Het is een beproefd procedé. Niet enkel in misdaadseries, maar ook in romantische scenario’s, of in verhalen waarin, naast andere verhaallijnen, ook een gouden liefdesdraad mee weeft. Twee mensen hebben samen een klus geklaard, zijn daarin al doende, gaandeweg, naar elkaar toegegroeid, maar van alles houdt ze tegen om dat te erkennen, aan elkaar te bekennen. Of het is praktisch onmogelijk, door afstand, een groot leeftijdsverschil of verschil in milieu, de lijst is eindeloos. Als redelijke mensen gaan de twee uit elkaar, nemen afscheid, lopen elk een andere kant op, zonder omzien, Orpheus en de vrouw van Lot indachtig, en houden allebei halverwege, als aan de grond genageld, halt. Keren allebei om. Snellen naar elkaar toe, vallen elkaar in de armen. Geen idee hoe de toekomst eruit zal gaan zien, maar we zijn gek als we er geen ‘Ja’ tegen zeggen. Ook tegen de mogelijke pijn die het nog zal brengen. Ook al zit lang en gelukkig er voor ons nooit echt meer in. Het moet. Alles beter dan spijt tot aan de dood, omdat ik niet naar mijn hart heb geluisterd, de liefde heb laten gaan.

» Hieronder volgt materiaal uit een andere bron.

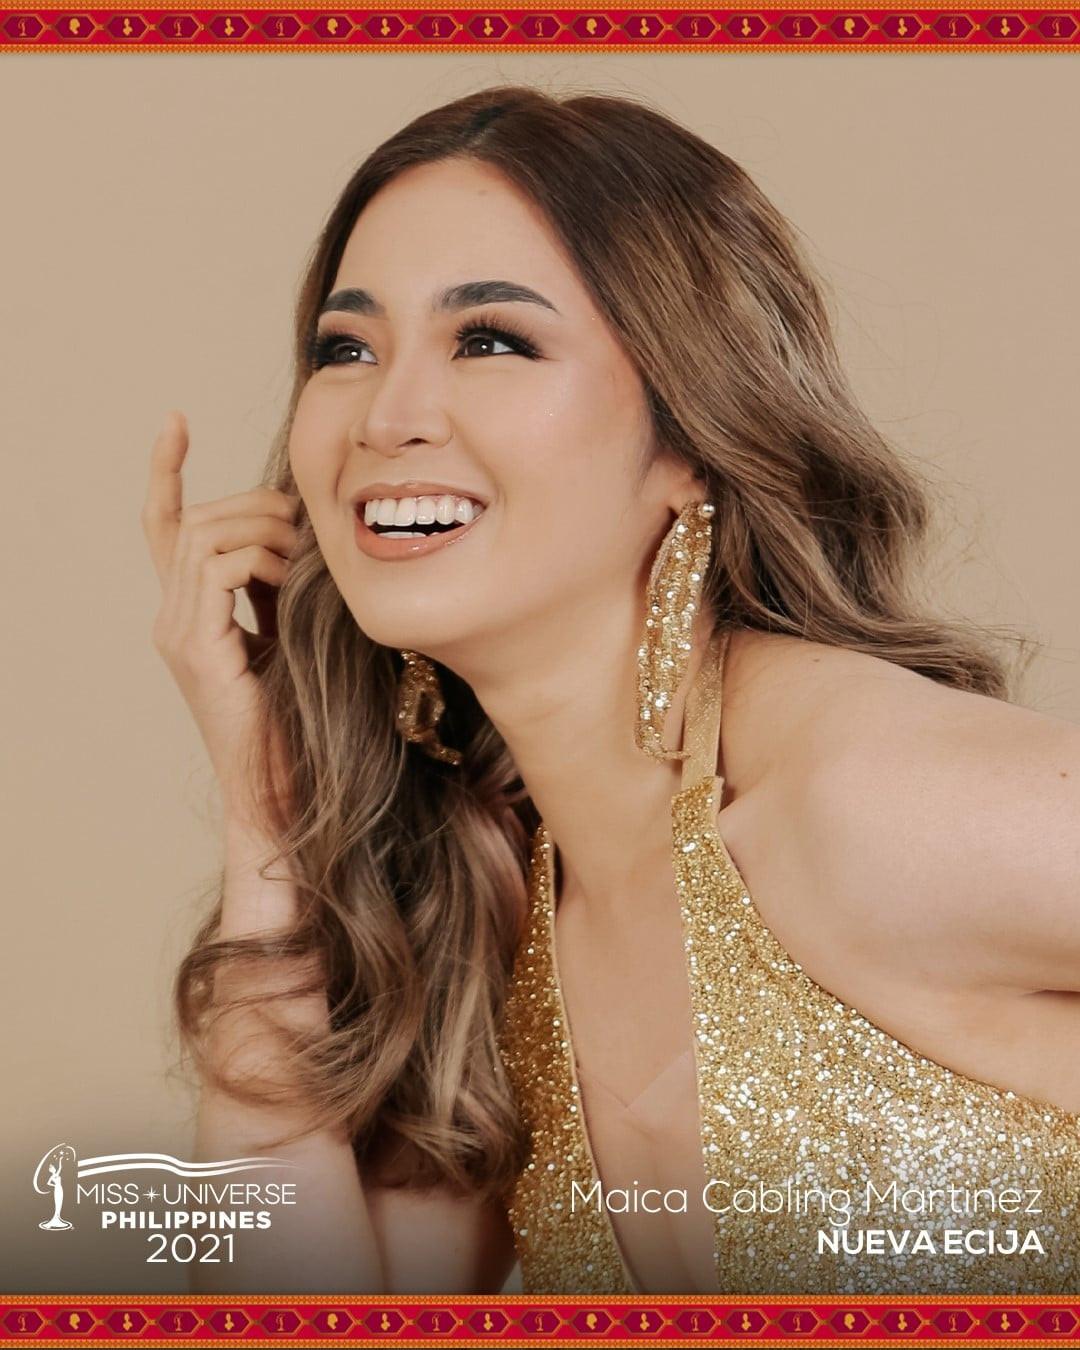 50 pre-candidatas a miss universe philippines 2021. - Página 3 REFyJe

Het uur van de waarheid duurt zelden een uur. Het uur van de waarheid is ook in dit soort geschiedenissen een kwestie van seconden of vooruit, minuten. Erop of eronder. Nu of nooit. Geen tijd om het verleden heel precies te reconstrueren, geen tijd om de voors en tegens van een keuze af te wegen of te berekenen of je wel iets zult terugkrijgen voor alles wat je opoffert en bereid bent ‘te investeren’ in deze misschien wel kansloze liefde. Wie weet verlies je vrienden en familie, je baan, je reputatie, of deze geliefde zelf… En dan zal iedereen aan de zijlijn klaarstaan om te zeggen hoe stom je bent geweest… En toch: geen twijfel. Weglopen, halthouden, omkeren, soms allebei gelijktijdig, zonder het van elkaar te weten –  omdat de waarheid dat eist.

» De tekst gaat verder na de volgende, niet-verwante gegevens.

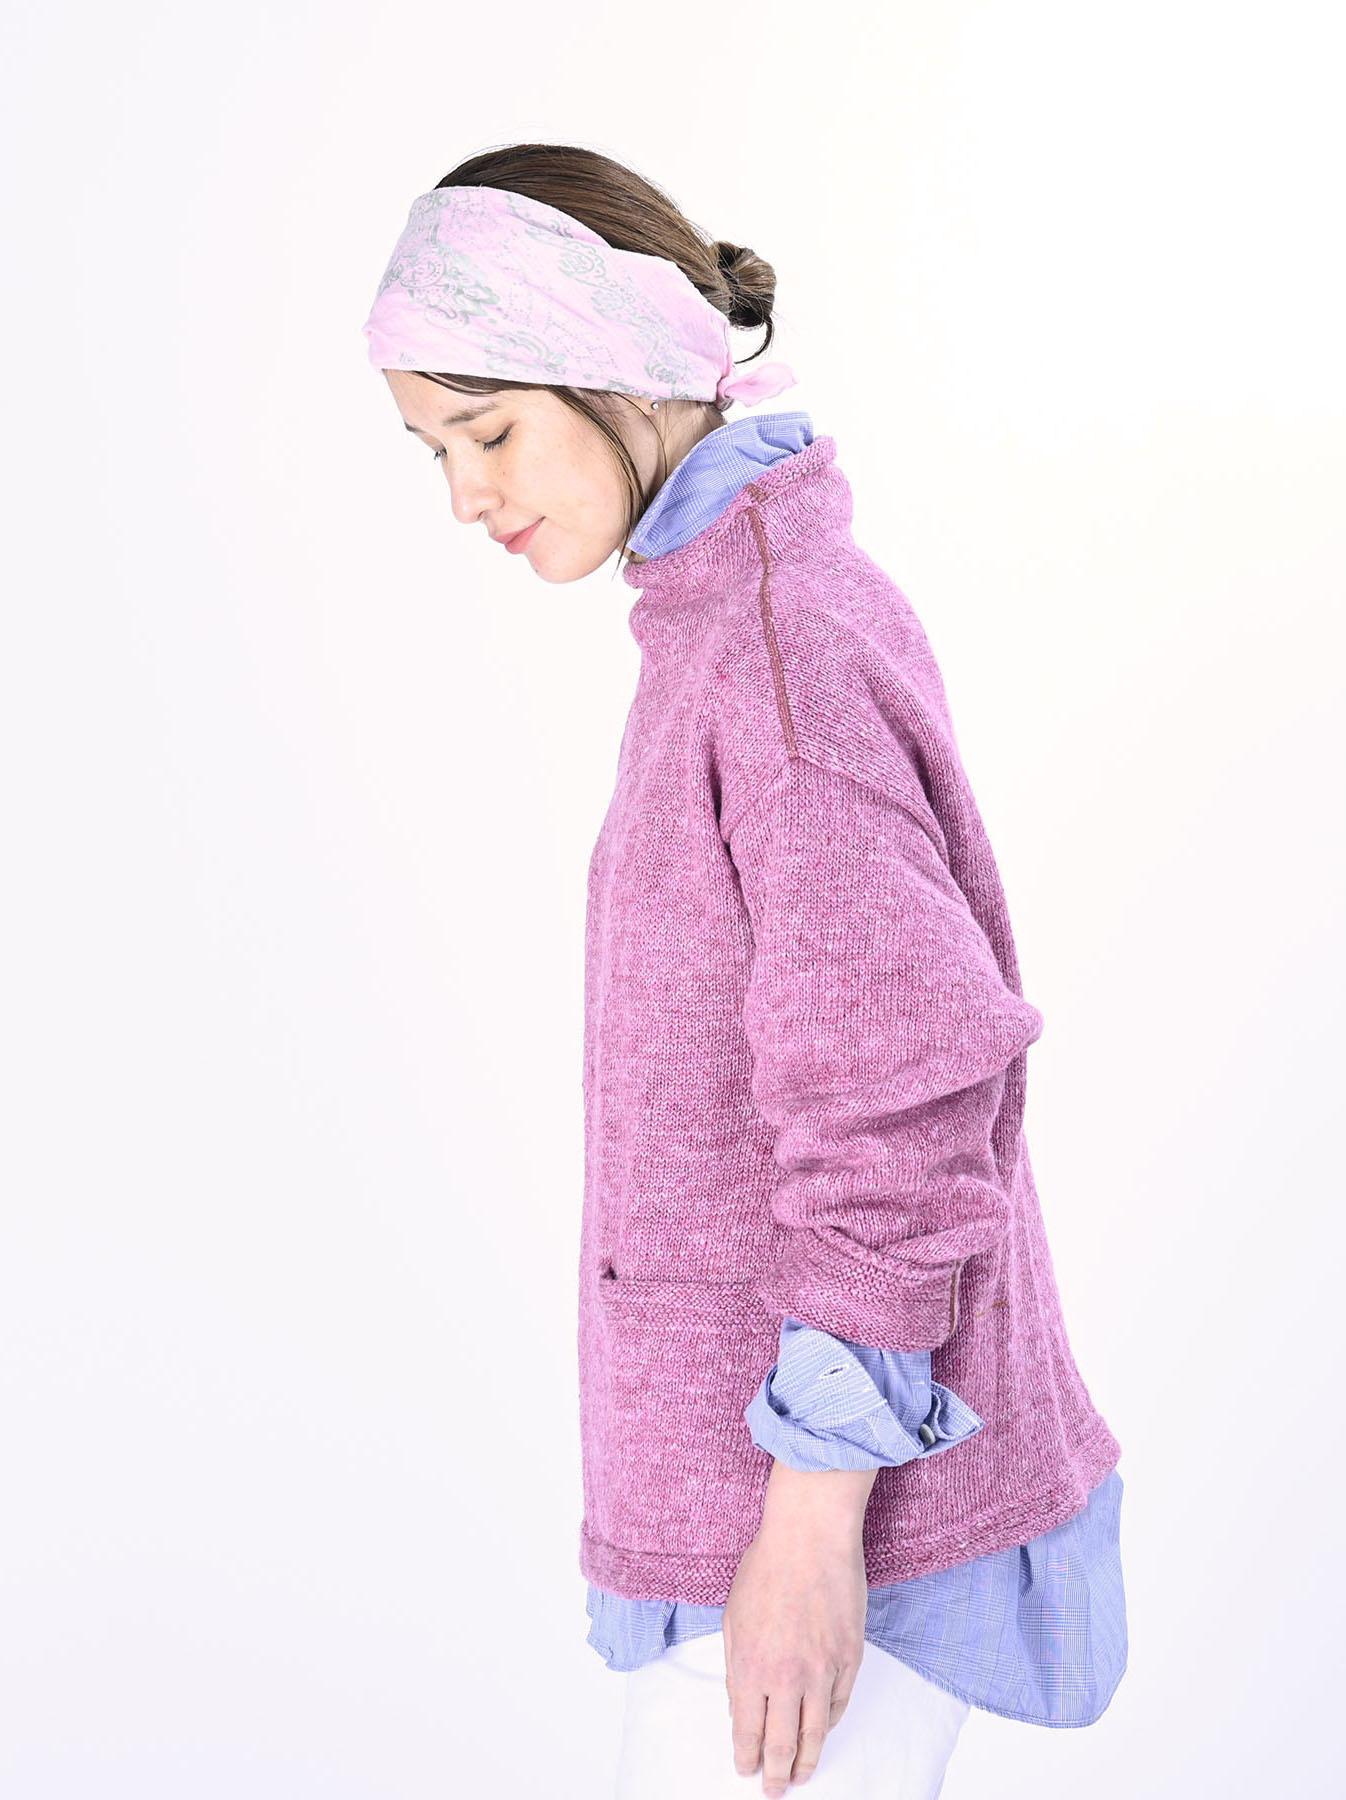 WH Linen Tweed Knit-sew 908 Umahiko Sweater (0321)-7

Maar het meest aangrijpende is het waar we iemand op zijn of haar schreden zien terugkeren om een ander te redden. Uit een instortend huis, van een plein dat wordt gebombardeerd, uit hoge golven – met gevaar voor eigen leven. Zelf heeft iemand net op tijd kunnen ontkomen, een godswonder, en halverwege de weg richting veiligheid, beschutting, misschien tegen alle waarschuwingen in, die ommekeer bij het besef: ik heb mensen onder het puin horen schreeuwen, een jonge moeder gezien, de dode baby in haar armen, wanhopig roepend naar haar andere kinderen… Ik heb het vluchtelingenbootje zien kapseizen, niet iedereen kan zwemmen, ik duik terug de golven in….


Misschien veel minder dramatisch, maar ik denk dat iedereen wel een paar van zulke omkeer-momenten in zijn of haar leven kent. Zonder Tomtom die keurig zegt dat je een afslag hebt gemist, dat je hier ergens moet omkeren, en die al meteen een nieuwe route voor je heeft uitgestippeld.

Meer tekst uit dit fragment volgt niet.